Прошло двадцать лет со дня смерти режиссера, но культурный мир, мир кино, мир искусства все еще хочет слышать его голос, видеть его картины, читать его книги, а также смотреть фильмы о нем, слушать радиопередачи — словом, принимать любую новую информацию.
К сожалению, на этой волне интереса появляются издания, соответствующие циничному духу нашего времени, в которых цитируются выдержки из дневника Тарковского, названного автором «Мартиролог» (то есть свод злоключений) и одним своим названием призывающего к сочувствию его страданиям. Горечь многих страниц дневника читатель разделит всей душой, особенно когда речь идет о полном непонимании Тарковского современниками, собратьями по профессии. Обвинения в адрес режима более чем понятны. Однако авторов некоторых книг привлекают отдельные высказывания, сделанные «в узком круге дневника», вполне возможно, под влиянием сиюминутных эмоций. Эти отрывки цитируются тенденциозно и целенаправленно. И вот уж перед вами настоящий монстр, завистник и мизантроп, недоверчивый маргинал, ходящий по трупам, и т. д.
Когда я читаю подобное, то думаю: во-первых, делая записи только для себя (дневники — это интимное дело), люди часто фиксируют впечатления дня первыми попавшимися торопливыми словами. Во-вторых, сомнительно ссылаться на эмоциональные мнения художников при оценке ими творчества своих собратьев. Разве можно серьезно относиться к тому, что Бунин писал о Блоке — «какой он поэт — это вымышленная немецкая поэзия», об Ахматовой — «это провинциальная барышня, попавшая в Петербург». А Маяковский, футуристы — «это просто беглые каторжники»! Истина в этих бунинских высказываниях и не ночевала. Их даже читать теперь весело.
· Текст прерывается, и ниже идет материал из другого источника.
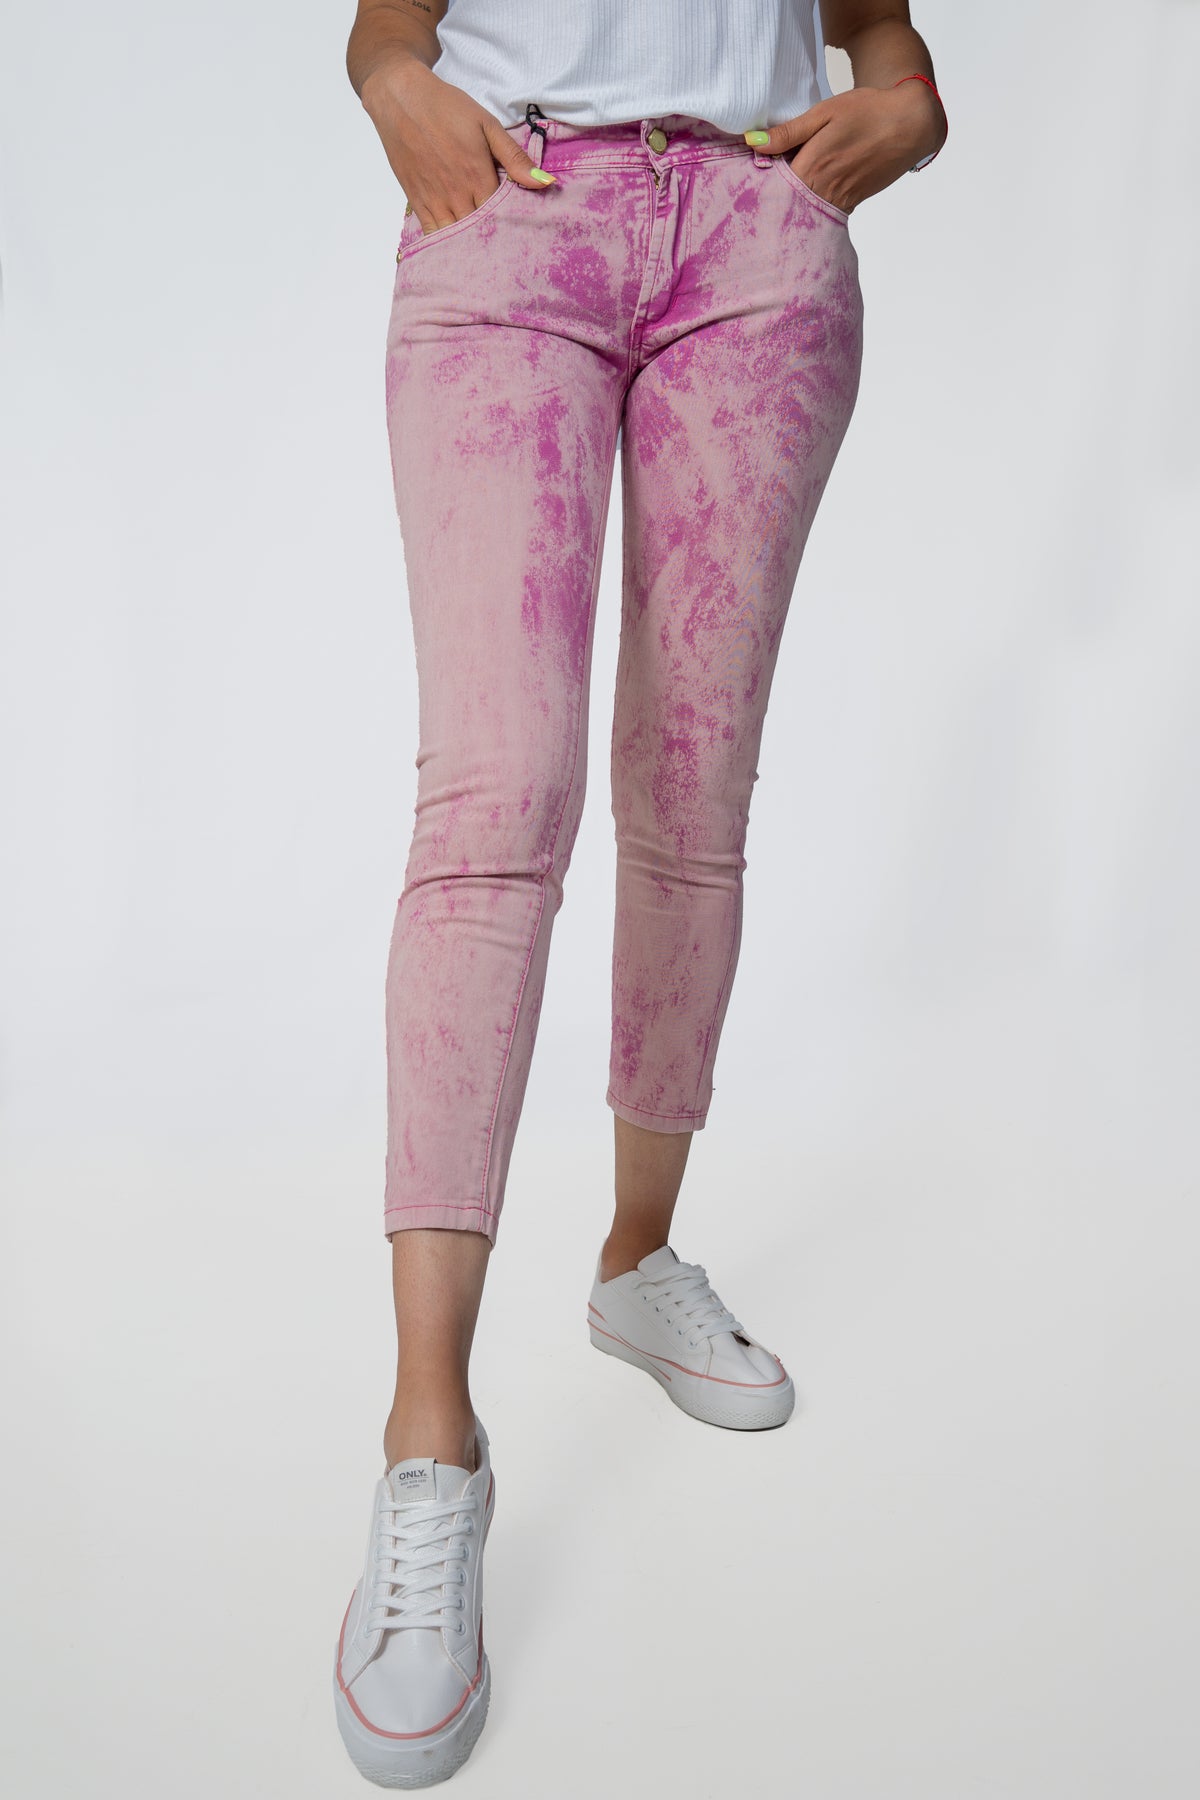 Jeans Rapsodia Queen Ankle Batik Colors Rosa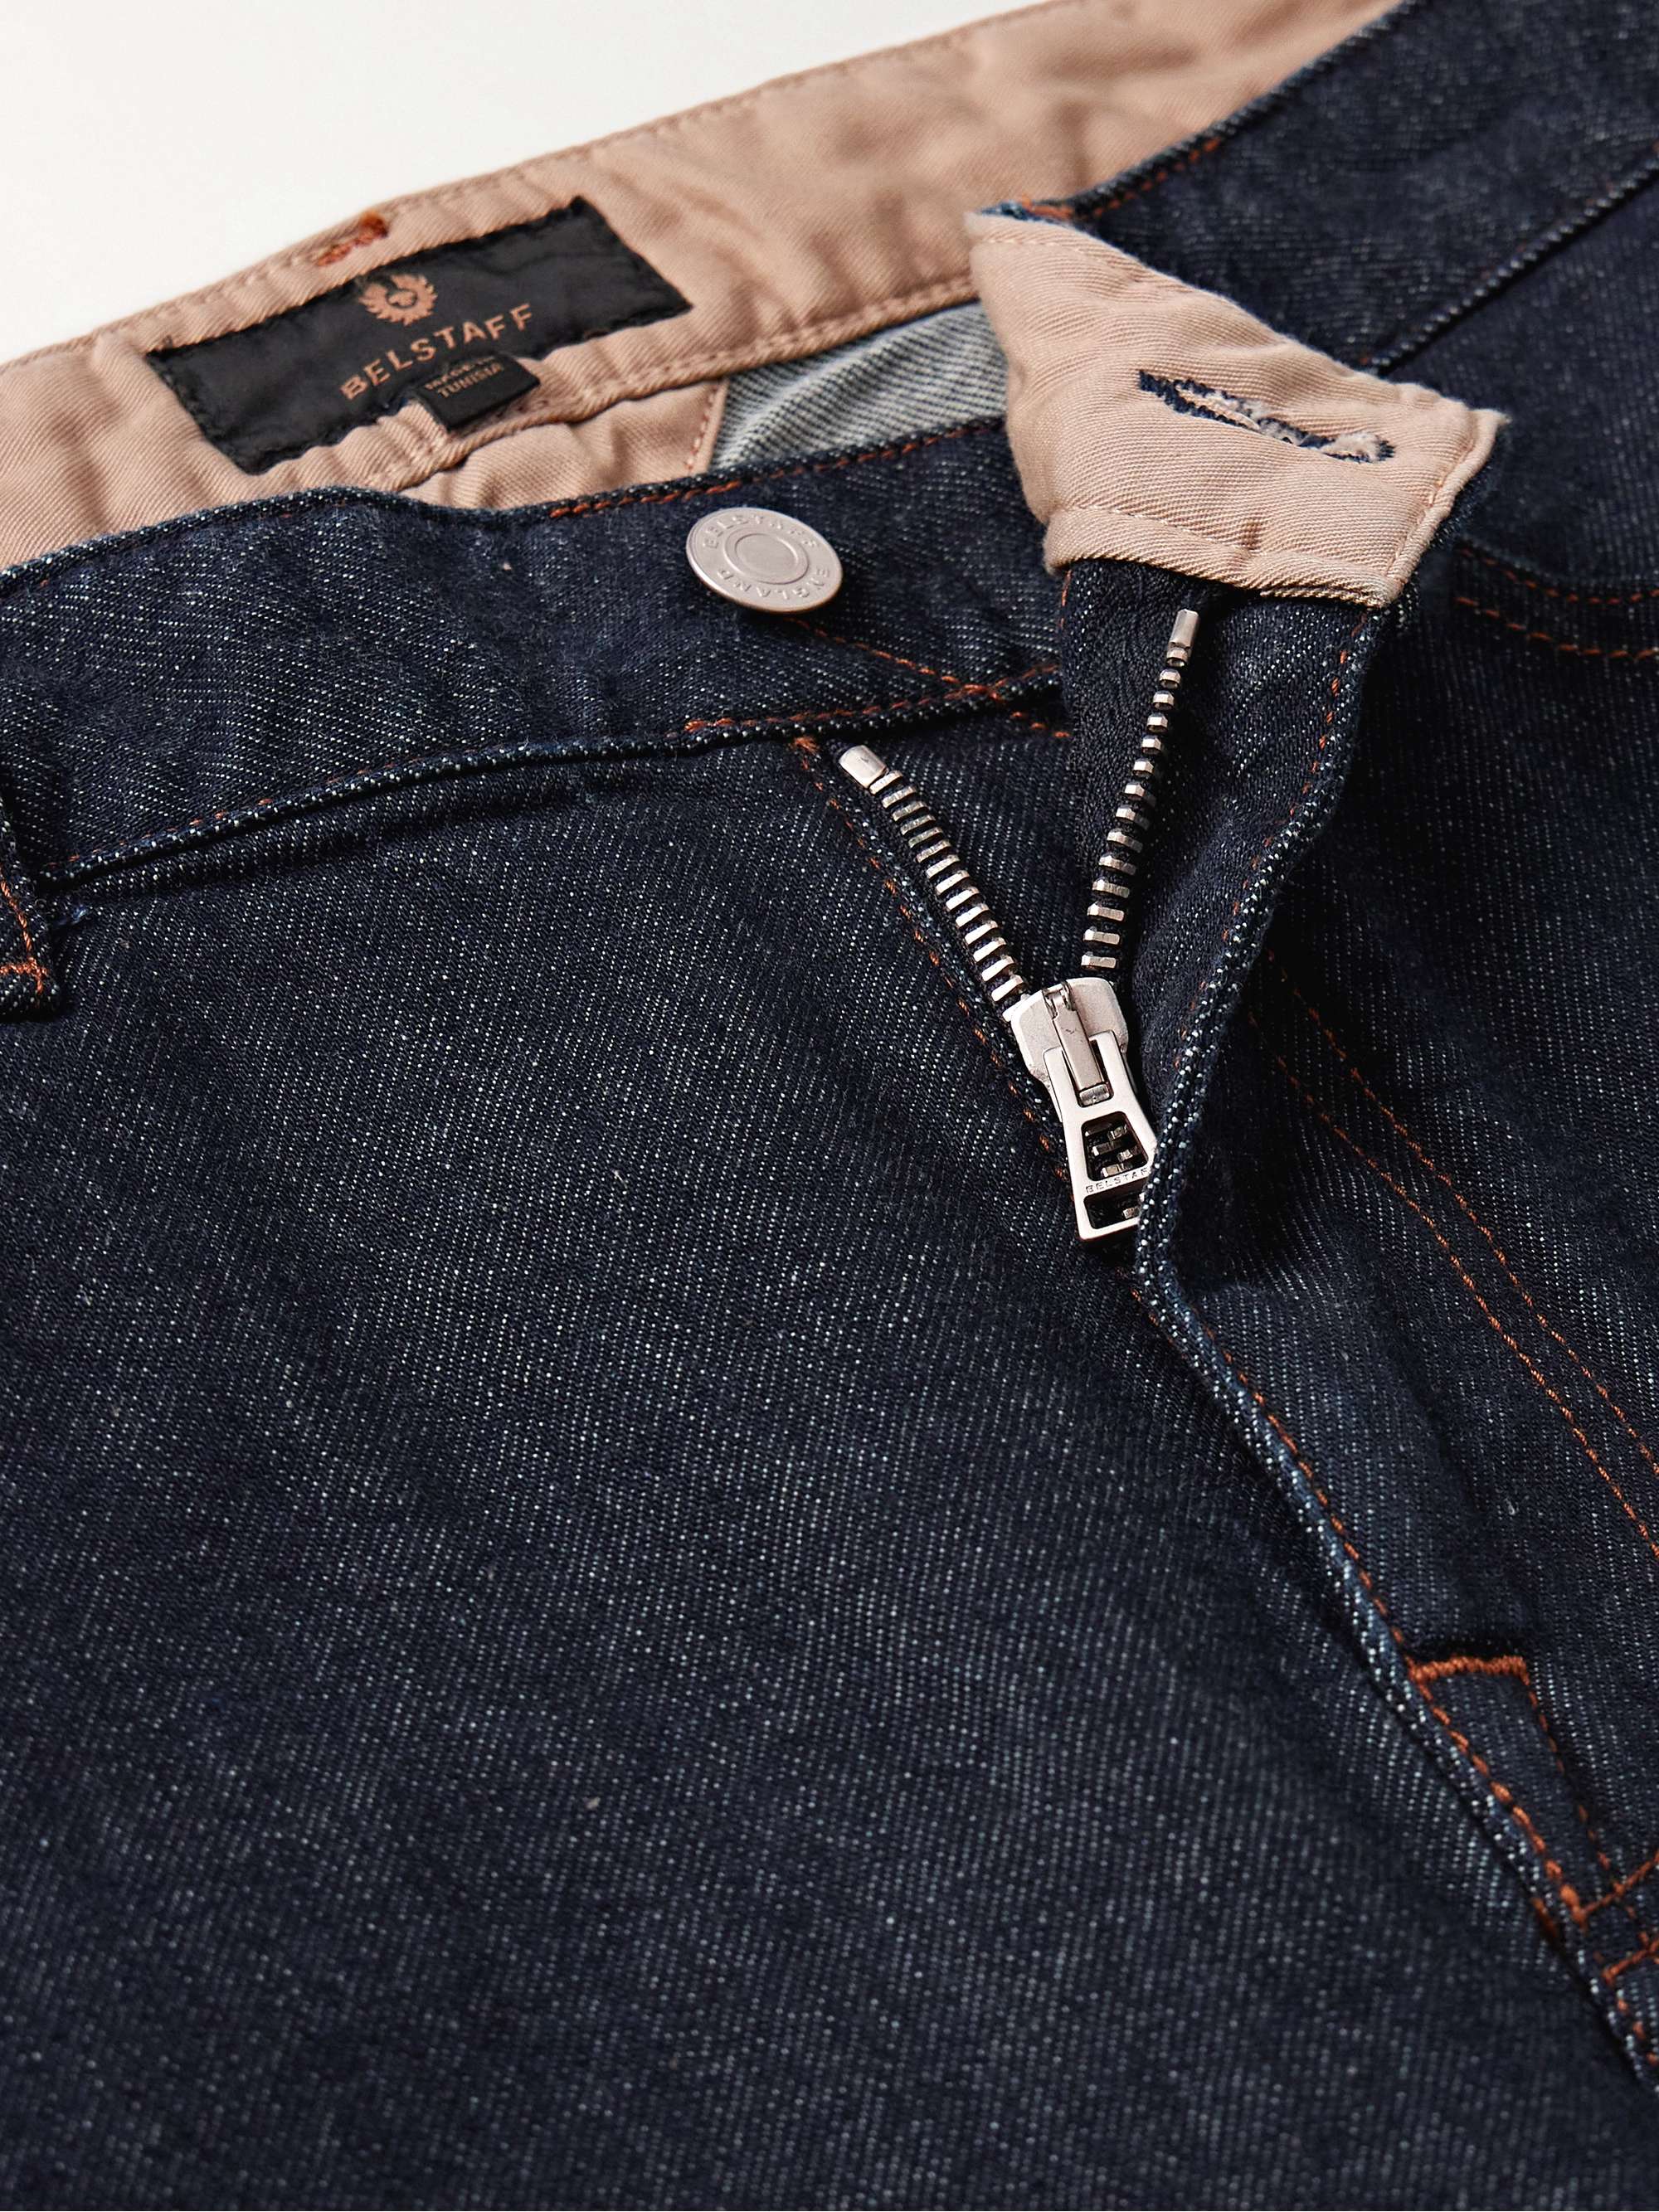 BELSTAFF Longton Slim-Fit Jeans for Men | MR PORTER

Вот на подобные записи Андрея и слетается воронье, выискивая слова, появившиеся в дневнике в минуты усталости, раздражения, сомнения или отчаяния. Намеренно забывают его неоднократные признания в присущей ему нетерпимости, которая мешает правильно ориентироваться в людях, мешает жить и о которой он сожалеет.
Мерзость такого цитирования еще и в том, что написавшего «Мартиролог» уже нет в живых и он не сможет ни пояснить свою мысль, ни пересмотреть написанного.
Андрей, пока мы живем, всегда рядом с нами. Это порой не создает ощущения внутреннего комфорта — случалось, что бытовые стороны его жизни приносили разочарования. Но почему мы привыкли требовать от людей невозможного?..
Дневник Андрея — не только мартиролог. Если относиться к Тарковскому как к пророку или учителю, можно часами выписывать его высказывания, замечания, рассуждения об искусстве. В дневнике только поройся, и найдешь кладезь цитат из философов и писателей России и Запада, мудрецов Востока, добросовестно записанных Андреем на многих страницах.
Но не нужно воспринимать Тарковского как раба всей этой мудрости, не нужно терять его драгоценное индивидуальное бытие. По счастью, в самом Андрее через край наблюдений, живых реакций. Дерево Тарковского никогда не будет сухим…
Вспоминаешь об Андрее, попадая в места, где он работал. В Москве, на Ордынке, был реставрационный центр, где он часто бывал у Савелия Ямщикова, консультанта фильма о Рублеве. Владимир и Суздаль — «Андрей Рублев», под Звенигородом — «Солярис». Под Таллином снимал многострадального «Сталкера», а там, посреди мелкого балтийского желтоводья, близко остров Готланд. В Риме Андрей жил одно время на пьяцца Навона.
Об Андрее часто думаешь и в ситуациях, связанных с его творчеством. Смотришь на портрет Ван Гога с отрезанным ухом — вспоминаешь Тарковского. Одно время он надеялся, что Кайдановского выпустят в Италию на съемки «Ностальгии», и фантазировал: если Горчакова будет играть Кайдановский, внешне похожий на Ван Гога (режиссер предполагал еще искусный грим), то на этом сходстве можно строить сцены с ним. Прикрывать повыше шею шарфом, будто скрывая отрезанное ухо…
Когда-то, после неудачи с «Антарктидой», М. И. Ромм добился, чтобы мы с Андреем получили право снимать дипломные работы на «Мосфильме». Он привел нас в кабинет тогдашнего директора «Мосфильма» В. Н. Сурина и представил молодых людей. Для 1960 года это было довольно демократично. Грузный, круглоголовый Сурин был сдержан, Ромм дипломатично красноречив и деловит.